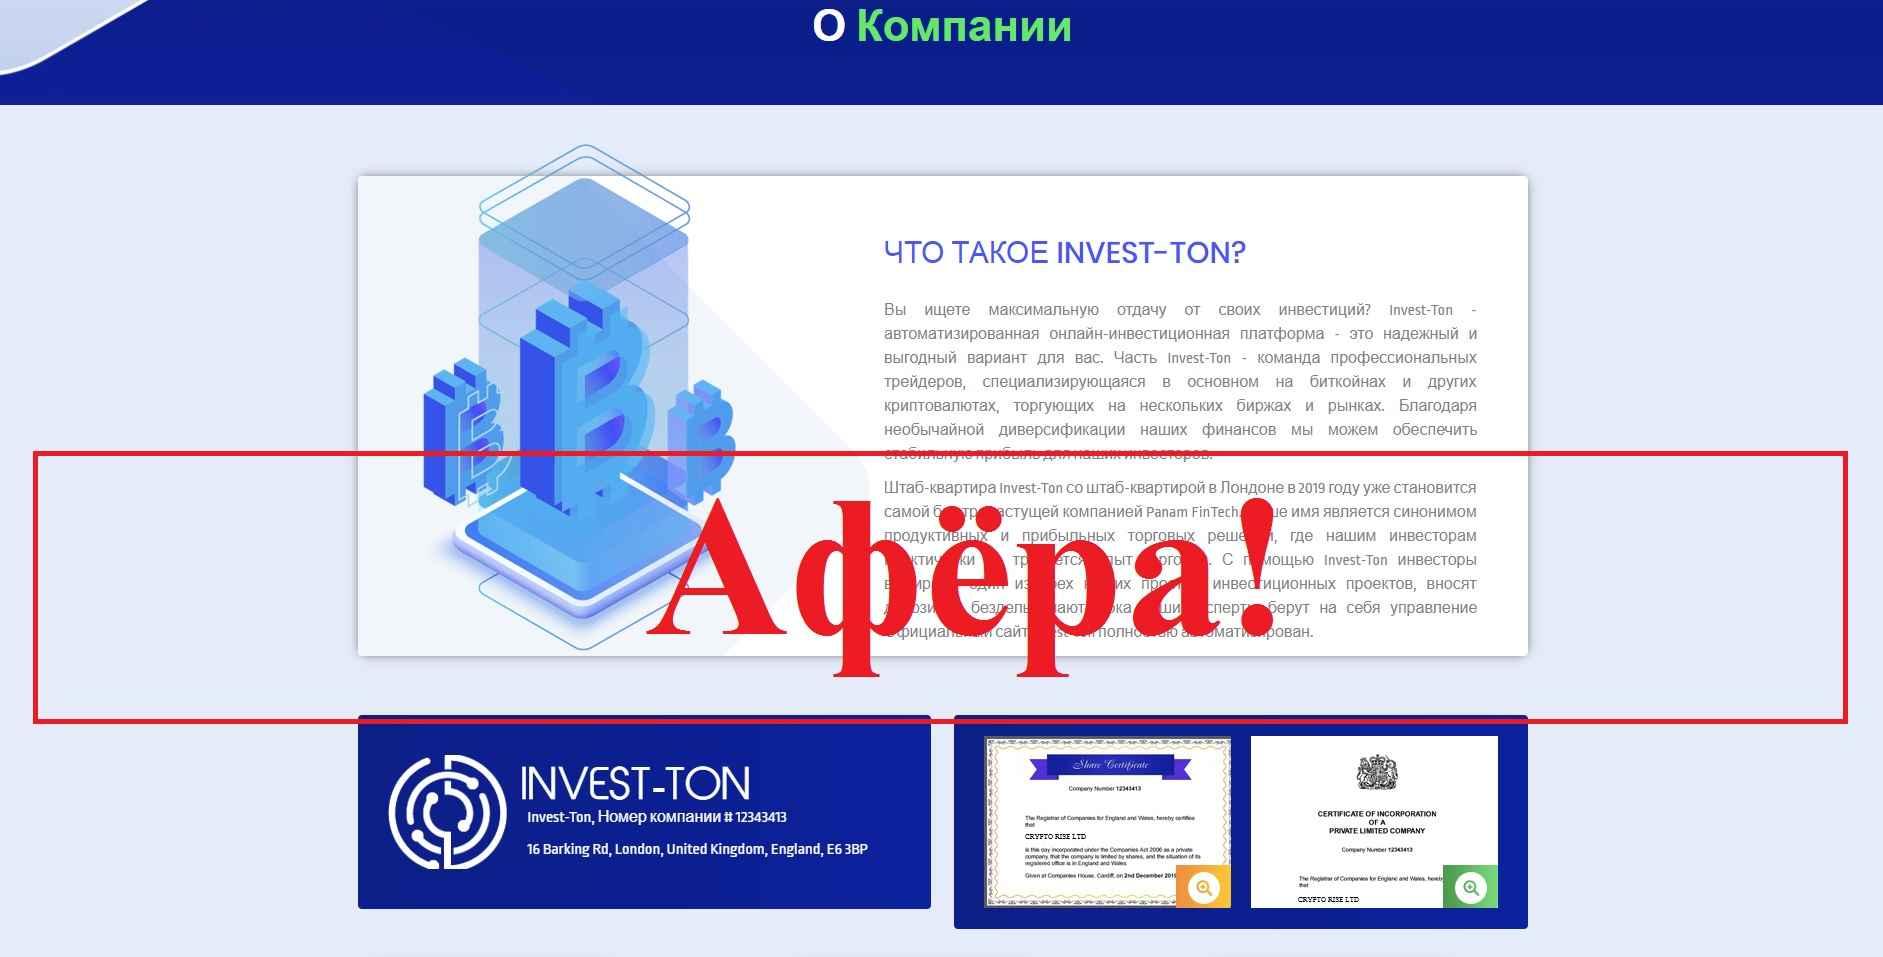 Invest-Ton – отзывы о мошеннике
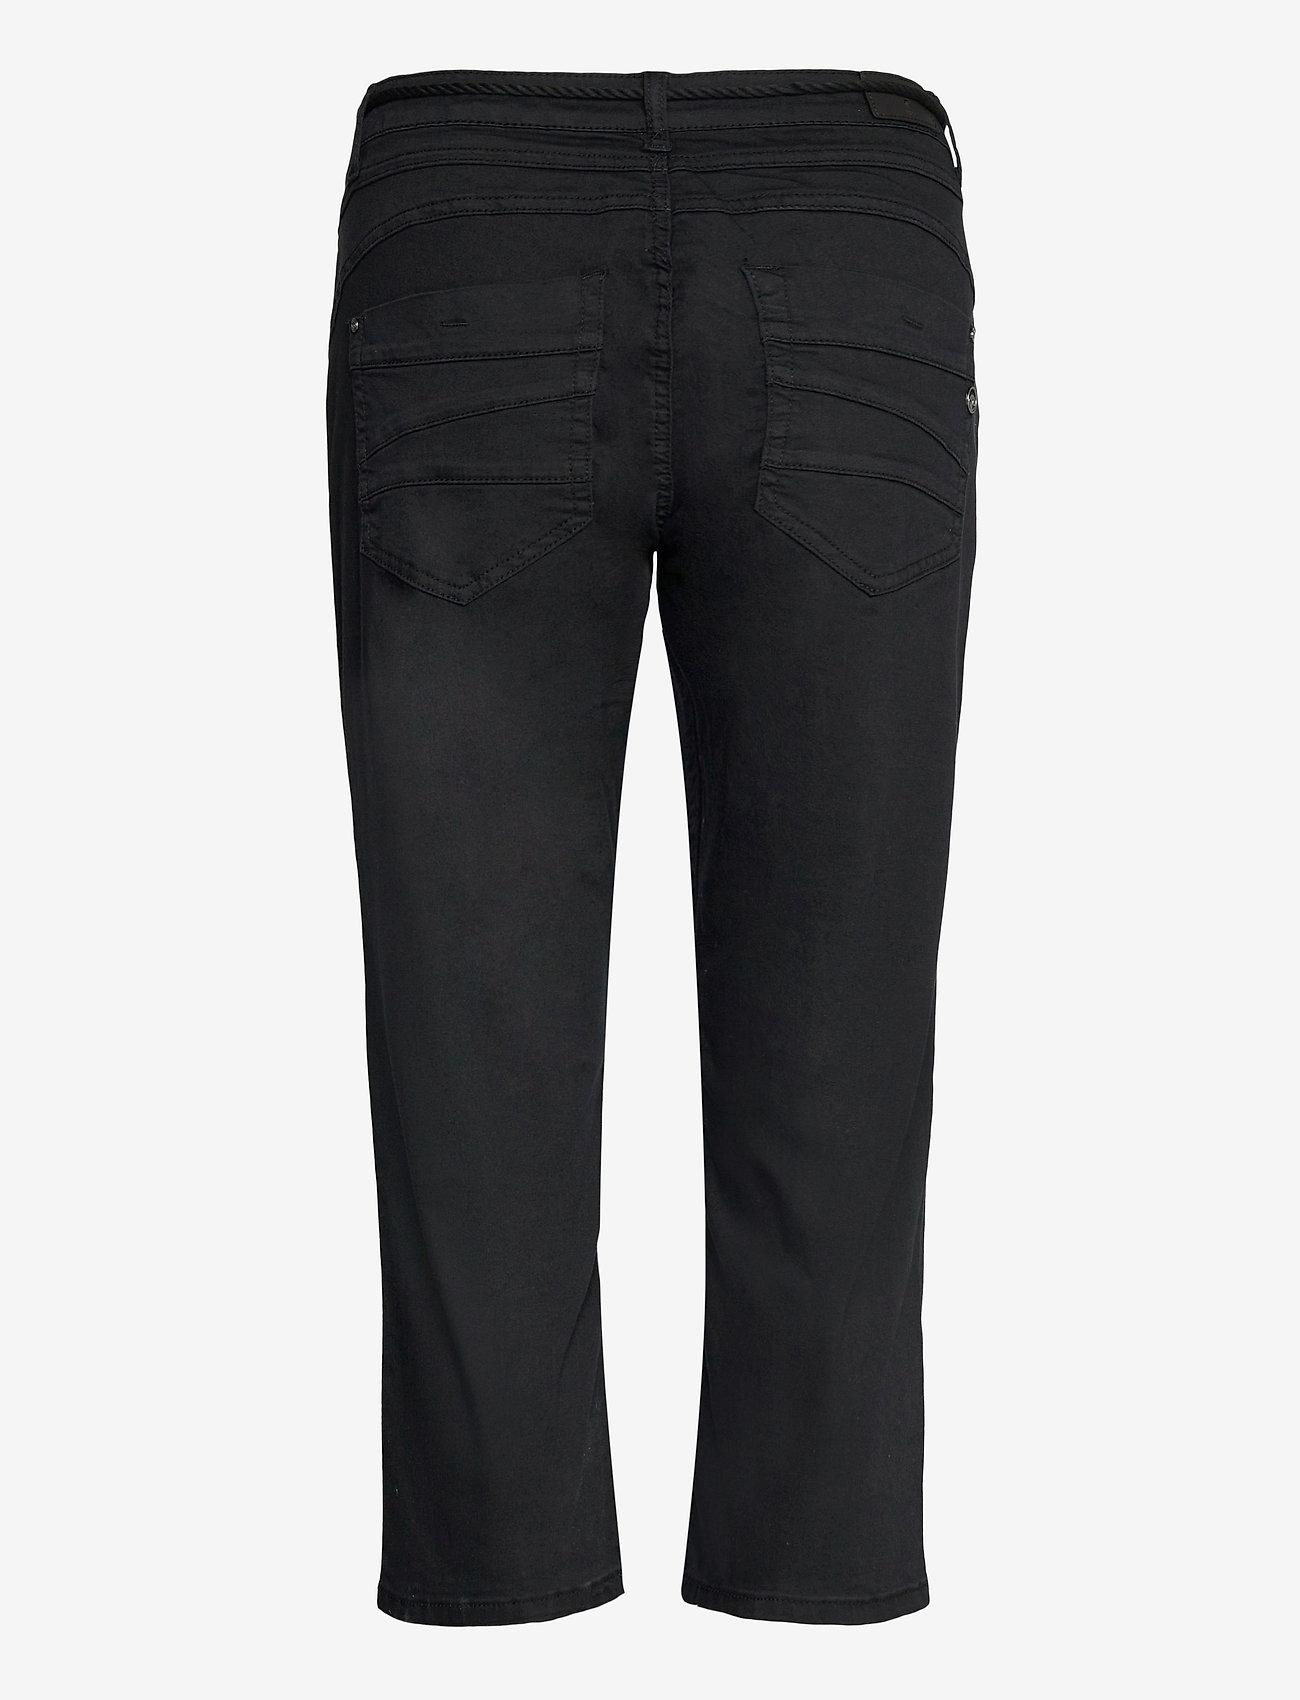 Cream - CRVava Pant 3/4 - Coco Fit - straight regular - pitch black - 1
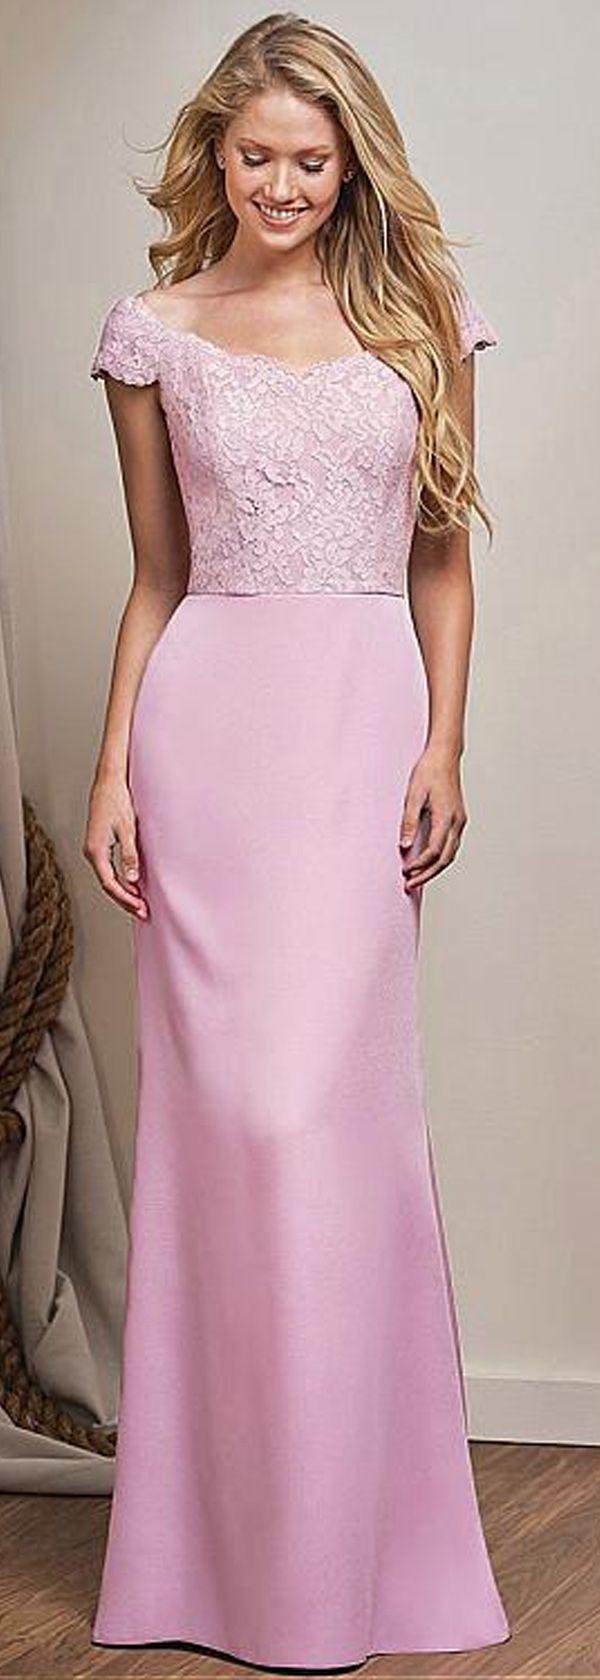 Romantic Lace & Stretch Satin Off-the-shoulder Neckline Sheath/Column Bridesmaid Dresses
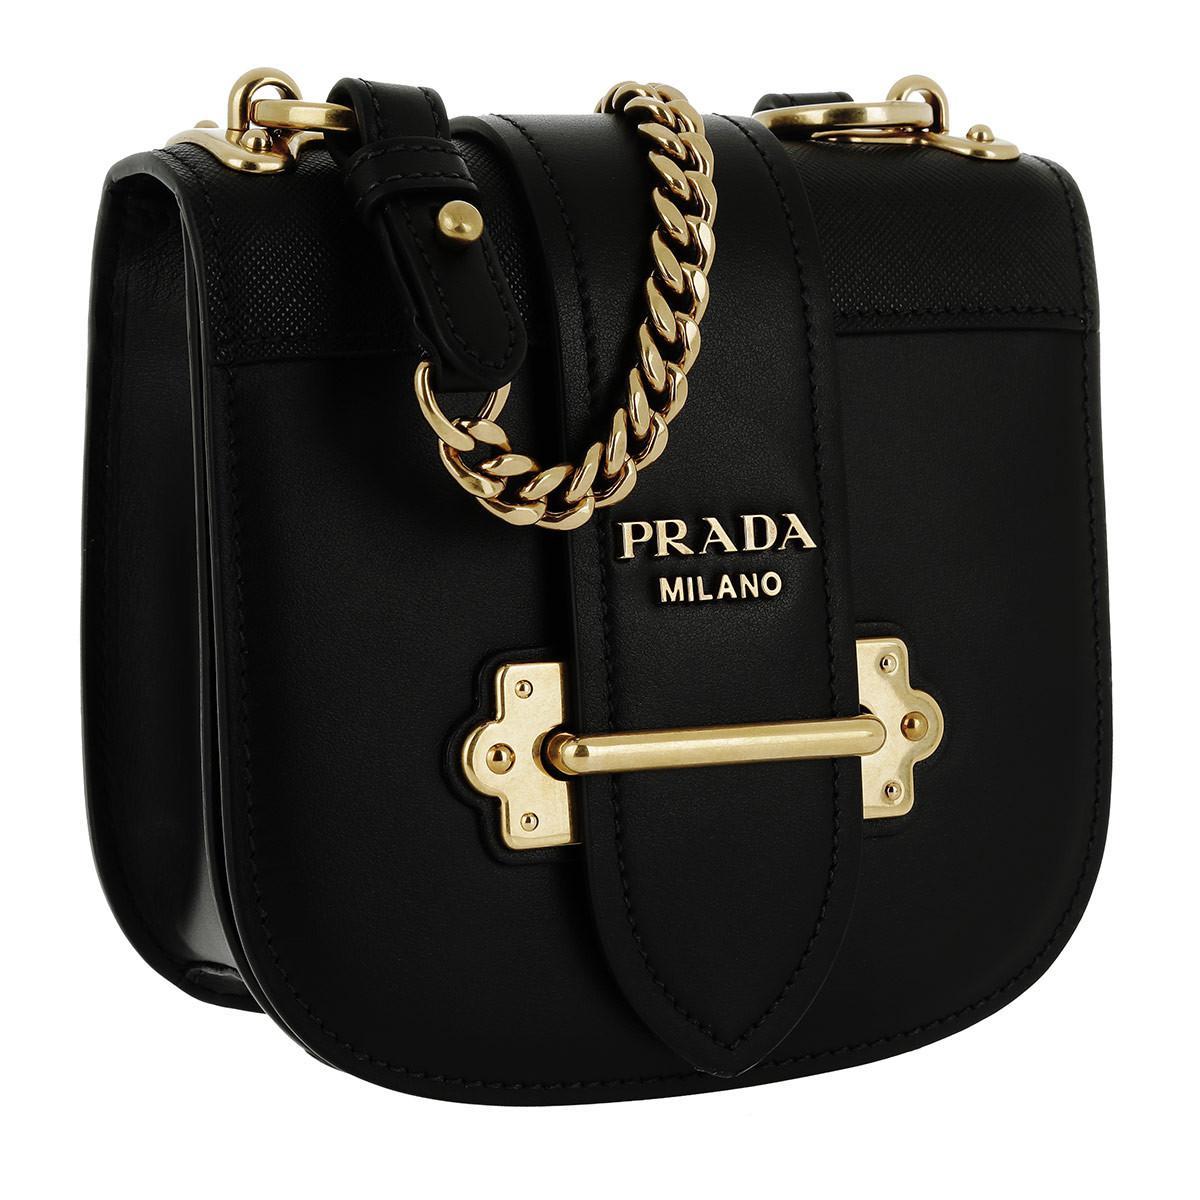 098139e747fd Prada Pionnière Bag Calf/saffiano Medium Nero in Black - Lyst
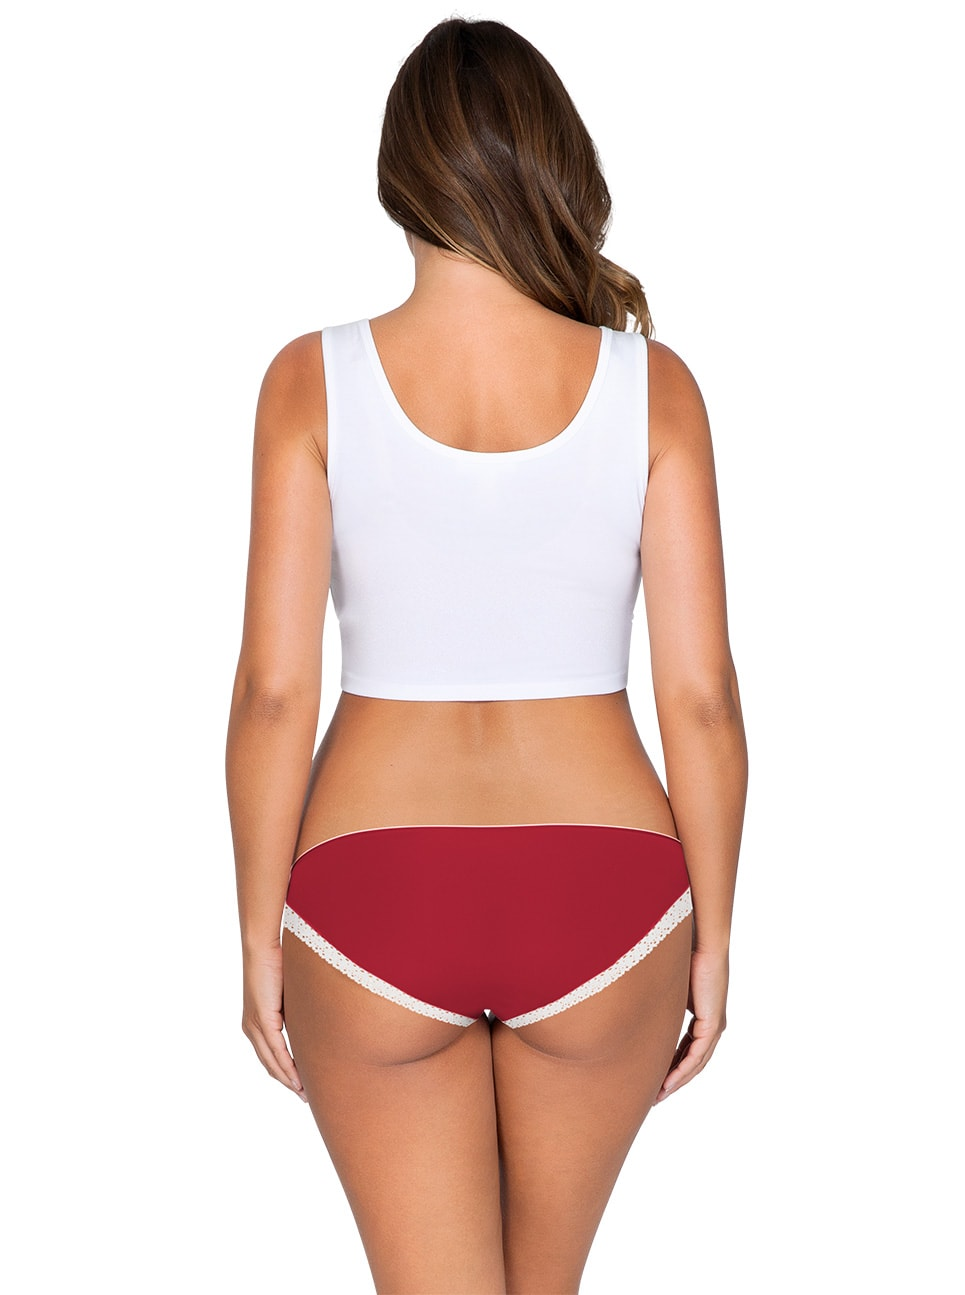 ParfaitPantyBikini PP301 D TangoRedBack - Panty So Lovely Bikini Tango Red PP301
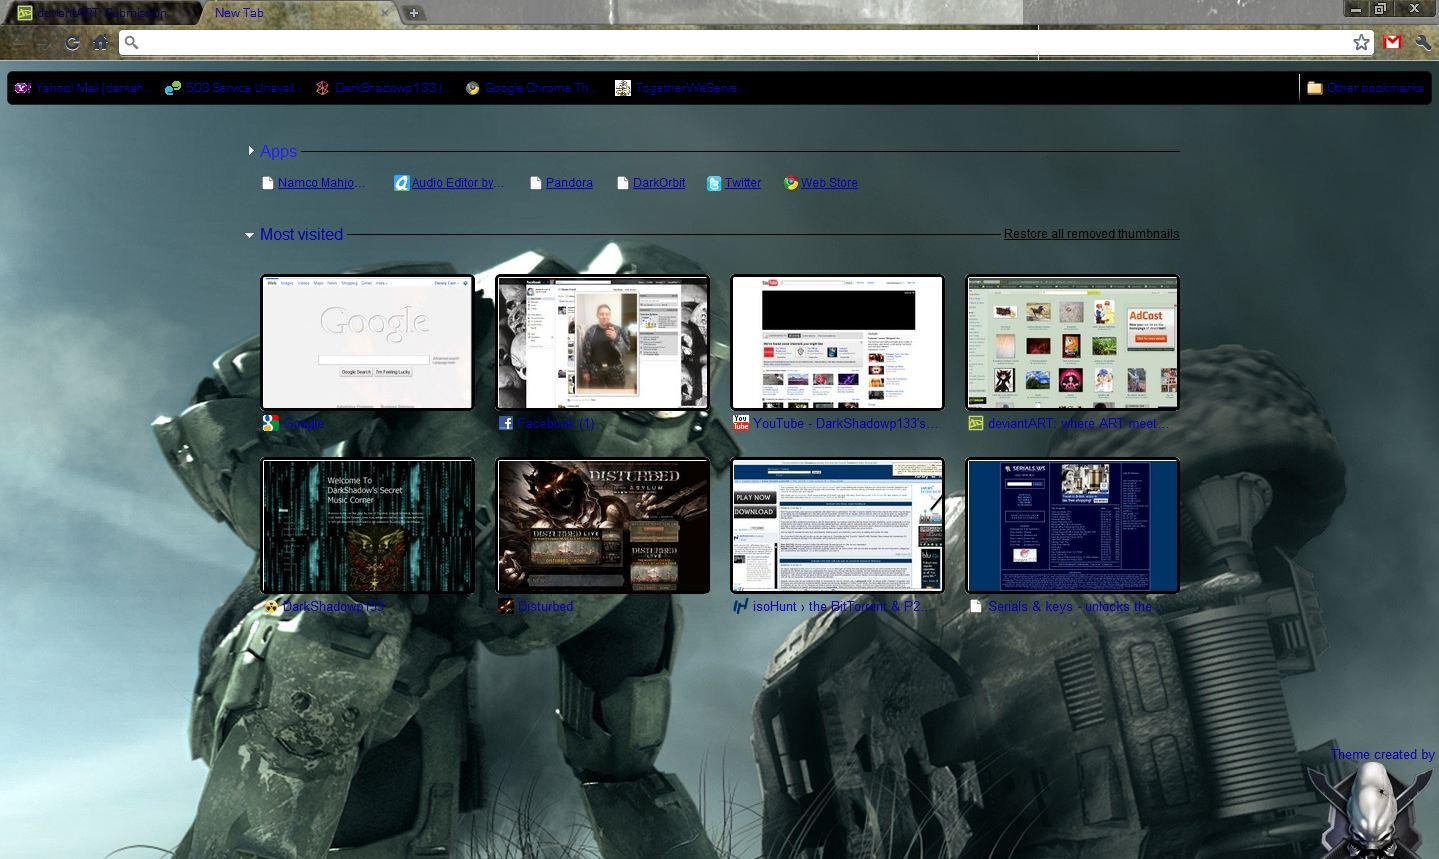 Google themes editor - Halo Google Chrome Theme By Darkshadowp133 Halo Google Chrome Theme By Darkshadowp133

* Exercise objective: Could you copy the listing above exactly, without its pictures?

* Response to the task:
 Invest-Ton – отзывы о мошеннике
 Cream - CRVava Pant 3/4 - Coco Fit - straight regular - pitch black - 1
 Romantic Lace & Stretch Satin Off-the-shoulder Neckline Sheath/Column Bridesmaid Dresses
 098139e747fd Prada Pionnière Bag Calf/saffiano Medium Nero in Black - Lyst
 ParfaitPantyBikini PP301 D TangoRedBack - Panty So Lovely Bikini Tango Red PP301
 Google themes editor - Halo Google Chrome Theme By Darkshadowp133 Halo Google Chrome Theme By Darkshadowp133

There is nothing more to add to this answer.